▸ ASSIGNMENT
Your task is to return the span of lines beginning at the one with "Tado im Test: Heizkörperthermostate" and ending at the last line of the data, exactly as it stands.

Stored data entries
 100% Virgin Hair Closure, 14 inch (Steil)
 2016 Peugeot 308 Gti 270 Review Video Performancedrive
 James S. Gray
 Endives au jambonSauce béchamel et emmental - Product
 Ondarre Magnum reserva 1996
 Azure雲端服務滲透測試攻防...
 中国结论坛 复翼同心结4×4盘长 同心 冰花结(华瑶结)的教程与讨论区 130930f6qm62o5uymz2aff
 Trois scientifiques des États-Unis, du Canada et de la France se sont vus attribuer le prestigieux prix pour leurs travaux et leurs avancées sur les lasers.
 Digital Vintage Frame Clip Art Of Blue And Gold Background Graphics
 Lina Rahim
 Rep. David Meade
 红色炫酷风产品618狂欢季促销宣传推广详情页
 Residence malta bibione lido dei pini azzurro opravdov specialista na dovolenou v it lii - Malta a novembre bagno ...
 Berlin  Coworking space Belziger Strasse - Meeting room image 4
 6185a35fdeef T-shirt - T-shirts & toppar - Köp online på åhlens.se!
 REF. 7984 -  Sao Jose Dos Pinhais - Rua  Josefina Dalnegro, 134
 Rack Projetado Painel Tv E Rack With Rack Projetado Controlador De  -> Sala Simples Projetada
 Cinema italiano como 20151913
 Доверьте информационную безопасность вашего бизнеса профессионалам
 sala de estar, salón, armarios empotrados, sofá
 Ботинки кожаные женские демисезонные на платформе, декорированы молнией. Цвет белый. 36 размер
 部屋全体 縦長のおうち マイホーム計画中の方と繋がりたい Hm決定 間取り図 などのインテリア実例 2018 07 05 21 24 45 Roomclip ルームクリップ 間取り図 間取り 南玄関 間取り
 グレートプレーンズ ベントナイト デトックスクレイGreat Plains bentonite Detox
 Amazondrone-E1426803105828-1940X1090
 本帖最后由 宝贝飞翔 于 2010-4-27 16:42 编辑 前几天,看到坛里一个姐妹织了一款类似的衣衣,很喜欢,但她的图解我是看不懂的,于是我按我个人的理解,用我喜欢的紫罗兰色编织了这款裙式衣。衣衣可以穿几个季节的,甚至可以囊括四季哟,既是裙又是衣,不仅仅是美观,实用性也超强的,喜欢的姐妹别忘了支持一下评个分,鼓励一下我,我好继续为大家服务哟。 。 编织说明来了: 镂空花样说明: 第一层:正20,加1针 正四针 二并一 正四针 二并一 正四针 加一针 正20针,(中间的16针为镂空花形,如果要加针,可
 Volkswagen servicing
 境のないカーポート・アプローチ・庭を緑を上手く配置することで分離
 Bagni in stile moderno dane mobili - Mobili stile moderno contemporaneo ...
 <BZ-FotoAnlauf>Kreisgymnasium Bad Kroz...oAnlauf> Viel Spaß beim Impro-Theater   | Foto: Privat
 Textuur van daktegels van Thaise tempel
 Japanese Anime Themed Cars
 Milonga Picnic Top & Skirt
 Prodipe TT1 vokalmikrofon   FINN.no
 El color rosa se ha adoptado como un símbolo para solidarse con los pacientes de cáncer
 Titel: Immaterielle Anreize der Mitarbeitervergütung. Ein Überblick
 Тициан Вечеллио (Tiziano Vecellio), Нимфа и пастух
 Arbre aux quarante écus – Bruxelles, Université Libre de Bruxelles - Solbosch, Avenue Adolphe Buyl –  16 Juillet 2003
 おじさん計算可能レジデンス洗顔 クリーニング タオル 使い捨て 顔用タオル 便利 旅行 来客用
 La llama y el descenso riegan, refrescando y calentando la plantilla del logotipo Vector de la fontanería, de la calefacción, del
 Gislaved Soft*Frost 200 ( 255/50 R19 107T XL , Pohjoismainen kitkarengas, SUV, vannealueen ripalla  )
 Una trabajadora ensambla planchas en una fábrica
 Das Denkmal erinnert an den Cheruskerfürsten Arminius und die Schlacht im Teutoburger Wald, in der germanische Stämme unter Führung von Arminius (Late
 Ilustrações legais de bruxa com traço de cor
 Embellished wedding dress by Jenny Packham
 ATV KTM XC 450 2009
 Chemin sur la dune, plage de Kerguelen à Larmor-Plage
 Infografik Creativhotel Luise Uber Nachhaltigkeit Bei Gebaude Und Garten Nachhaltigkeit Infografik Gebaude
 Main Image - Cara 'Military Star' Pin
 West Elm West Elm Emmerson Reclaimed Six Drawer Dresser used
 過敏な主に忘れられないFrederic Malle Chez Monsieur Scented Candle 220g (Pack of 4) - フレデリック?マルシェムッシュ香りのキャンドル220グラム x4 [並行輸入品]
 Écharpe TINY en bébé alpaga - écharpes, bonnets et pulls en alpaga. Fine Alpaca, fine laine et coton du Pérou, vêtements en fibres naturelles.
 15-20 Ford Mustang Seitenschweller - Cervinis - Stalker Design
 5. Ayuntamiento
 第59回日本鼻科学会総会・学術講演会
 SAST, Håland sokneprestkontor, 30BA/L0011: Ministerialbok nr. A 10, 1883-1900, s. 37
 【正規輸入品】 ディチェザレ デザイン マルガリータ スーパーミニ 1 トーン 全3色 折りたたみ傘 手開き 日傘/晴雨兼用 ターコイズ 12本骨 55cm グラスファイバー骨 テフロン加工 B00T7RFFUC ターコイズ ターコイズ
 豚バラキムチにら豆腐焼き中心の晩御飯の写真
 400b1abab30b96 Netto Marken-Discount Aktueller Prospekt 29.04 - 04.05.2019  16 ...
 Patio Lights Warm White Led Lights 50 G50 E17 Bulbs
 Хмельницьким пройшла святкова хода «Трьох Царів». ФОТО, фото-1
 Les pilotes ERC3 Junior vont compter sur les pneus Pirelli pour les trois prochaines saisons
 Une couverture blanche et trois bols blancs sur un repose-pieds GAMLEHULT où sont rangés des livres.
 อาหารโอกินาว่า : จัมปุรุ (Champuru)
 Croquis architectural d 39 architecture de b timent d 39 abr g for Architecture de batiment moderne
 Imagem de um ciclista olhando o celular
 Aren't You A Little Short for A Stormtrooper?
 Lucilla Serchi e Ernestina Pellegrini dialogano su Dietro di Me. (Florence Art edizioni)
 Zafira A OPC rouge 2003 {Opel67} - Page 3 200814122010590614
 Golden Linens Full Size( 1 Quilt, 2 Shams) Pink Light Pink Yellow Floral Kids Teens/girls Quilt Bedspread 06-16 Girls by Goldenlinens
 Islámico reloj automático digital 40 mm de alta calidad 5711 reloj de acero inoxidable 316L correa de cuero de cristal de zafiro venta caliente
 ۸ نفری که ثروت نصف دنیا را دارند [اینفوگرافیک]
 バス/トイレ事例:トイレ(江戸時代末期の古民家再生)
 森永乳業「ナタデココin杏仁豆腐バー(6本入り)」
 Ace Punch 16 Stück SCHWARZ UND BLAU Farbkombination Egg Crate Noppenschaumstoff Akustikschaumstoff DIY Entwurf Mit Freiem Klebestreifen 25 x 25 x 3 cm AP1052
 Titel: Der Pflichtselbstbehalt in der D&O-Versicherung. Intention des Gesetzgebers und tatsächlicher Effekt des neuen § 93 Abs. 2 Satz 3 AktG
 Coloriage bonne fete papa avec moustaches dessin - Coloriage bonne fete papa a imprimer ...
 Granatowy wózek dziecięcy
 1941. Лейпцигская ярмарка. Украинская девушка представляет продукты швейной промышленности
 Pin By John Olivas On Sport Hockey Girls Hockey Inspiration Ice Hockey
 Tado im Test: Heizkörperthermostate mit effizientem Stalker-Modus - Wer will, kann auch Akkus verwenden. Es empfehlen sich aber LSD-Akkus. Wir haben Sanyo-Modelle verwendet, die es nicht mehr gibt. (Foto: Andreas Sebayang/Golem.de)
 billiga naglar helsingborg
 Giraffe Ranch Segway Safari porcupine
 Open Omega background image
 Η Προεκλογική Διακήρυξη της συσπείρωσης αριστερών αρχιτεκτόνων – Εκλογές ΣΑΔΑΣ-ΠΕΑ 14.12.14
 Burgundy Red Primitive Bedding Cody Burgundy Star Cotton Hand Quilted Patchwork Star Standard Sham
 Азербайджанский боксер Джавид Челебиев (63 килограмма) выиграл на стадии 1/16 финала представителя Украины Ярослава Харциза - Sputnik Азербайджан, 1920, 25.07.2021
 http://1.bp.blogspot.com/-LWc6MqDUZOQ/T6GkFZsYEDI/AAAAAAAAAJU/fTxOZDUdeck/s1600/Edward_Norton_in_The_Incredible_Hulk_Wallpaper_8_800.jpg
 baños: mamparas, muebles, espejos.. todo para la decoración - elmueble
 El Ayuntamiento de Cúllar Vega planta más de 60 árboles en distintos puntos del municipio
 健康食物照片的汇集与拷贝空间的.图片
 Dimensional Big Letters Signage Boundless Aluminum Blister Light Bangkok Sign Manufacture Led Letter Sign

▸ ANSWER TO THE PROBLEM
 Tado im Test: Heizkörperthermostate mit effizientem Stalker-Modus - Wer will, kann auch Akkus verwenden. Es empfehlen sich aber LSD-Akkus. Wir haben Sanyo-Modelle verwendet, die es nicht mehr gibt. (Foto: Andreas Sebayang/Golem.de)
 billiga naglar helsingborg
 Giraffe Ranch Segway Safari porcupine
 Open Omega background image
 Η Προεκλογική Διακήρυξη της συσπείρωσης αριστερών αρχιτεκτόνων – Εκλογές ΣΑΔΑΣ-ΠΕΑ 14.12.14
 Burgundy Red Primitive Bedding Cody Burgundy Star Cotton Hand Quilted Patchwork Star Standard Sham
 Азербайджанский боксер Джавид Челебиев (63 килограмма) выиграл на стадии 1/16 финала представителя Украины Ярослава Харциза - Sputnik Азербайджан, 1920, 25.07.2021
 http://1.bp.blogspot.com/-LWc6MqDUZOQ/T6GkFZsYEDI/AAAAAAAAAJU/fTxOZDUdeck/s1600/Edward_Norton_in_The_Incredible_Hulk_Wallpaper_8_800.jpg
 baños: mamparas, muebles, espejos.. todo para la decoración - elmueble
 El Ayuntamiento de Cúllar Vega planta más de 60 árboles en distintos puntos del municipio
 健康食物照片的汇集与拷贝空间的.图片
 Dimensional Big Letters Signage Boundless Aluminum Blister Light Bangkok Sign Manufacture Led Letter Sign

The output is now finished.